Serpentine as a rock

Serpentine is a heavy-metal-containing and hydrated magnesium silicate. Iron and nickel make up most of the heavy metals. This rock derives its name from its gray-green, snakeskin-like color pattern.

Plants on serpentine

The special composition of serpentine, including minerals that are toxic for many plants, has given rise to a highly specialized vegetation on the soils derived from this rock formation.
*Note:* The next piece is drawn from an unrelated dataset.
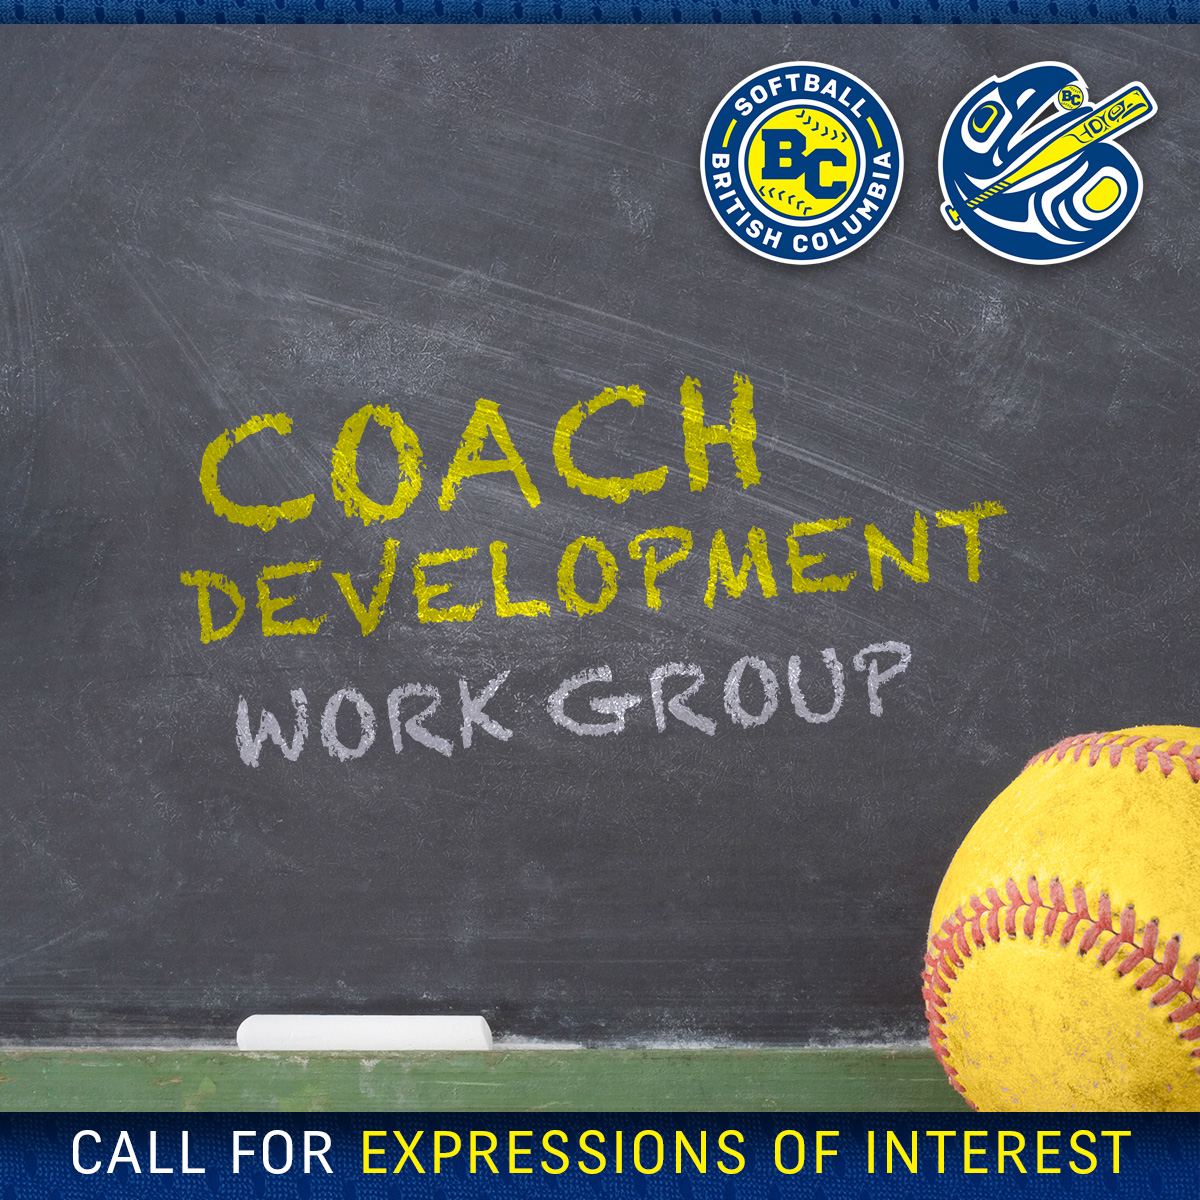 Coach Development Work Group. Expression of Interest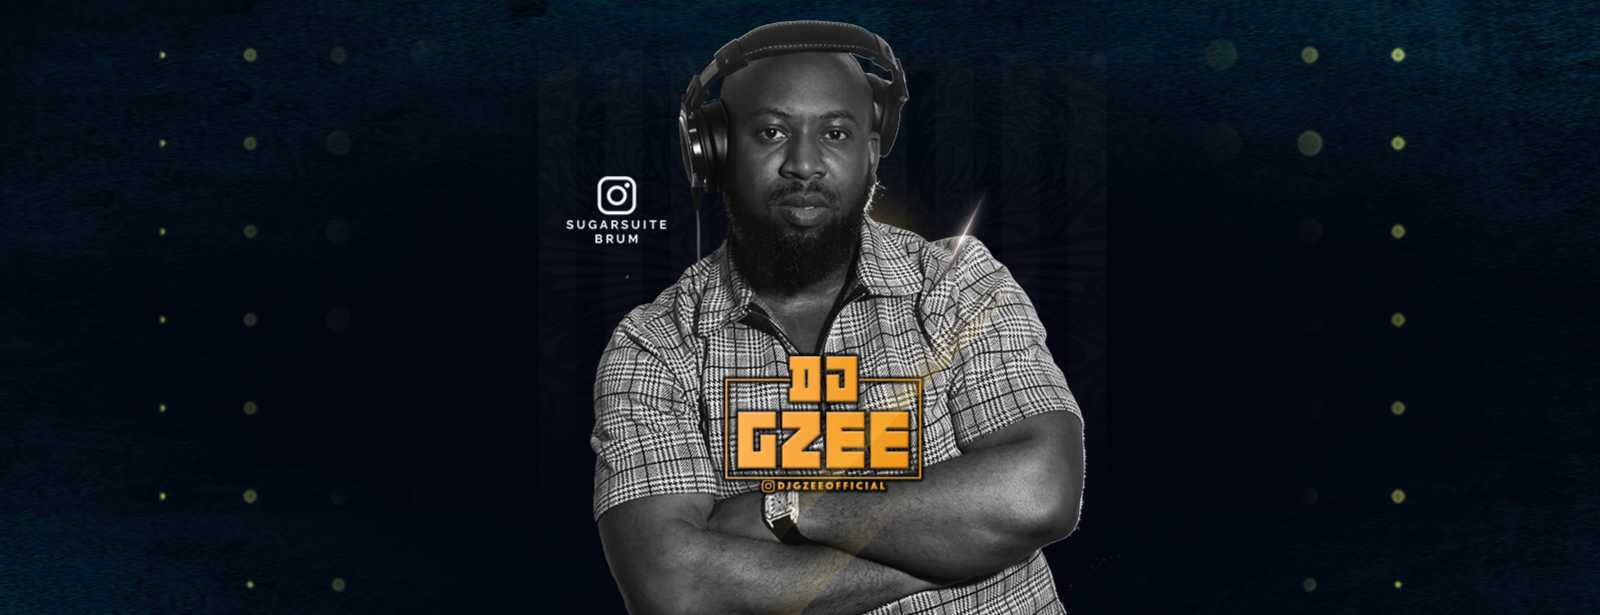 DJ GZEE (3 Hour Set) at SugarSuite

In fact, some plants grow only on serpentine, explaining the term "serpentine vegetation". Such species are usually poor competitors on "normal" soils and are often potentially endangered due to their highly restricted occurrence.

Deposits in Austria

Austria boasts a variety of serpentine sites. The best known are probably those around Bernstein in Burgenland. The rich serpentine deposits there have spawned an industry devoted to producing exquisite household articles and decorative objects. Additional deposits are located in Lower Austria (Wachau) and in Styria (larger deposits in Kraubath, Pernegg, Trieben and west of Rottenmann).

The Serpentine Display Group

In autumn 2015, a display group comprising highly specialized species living on serpentine sites was established at the University of Vienna's Botanical Garden. More than 30 different herbaceous species have been planted. The garden sector with the best conditions was chosen based on exposure and the presence of larger woody plants (above all Scots pine, Pinus sylvestris). The site was prepared so that it offered both shallower, stonier soils as well as somewhat deeper areas to accommodate nearly the full natural species spectrum. Rock material trucked in from Austria's serpentine locations provides the necessary mineral substrate.

The plants on display here originally stem from the Austrian serpentine sites and, over the years, most were raised in the Garden from seeds. Typical representatives include the Serpentine Carthusian pink (Dianthus carthusianorum subsp. capillifrons), the Serpentine field fleawort (Tephroseris integrifolia subsp. serpentini) or the Serpentine alpine cinquefoil (Potentilla crantzii var. serpentini).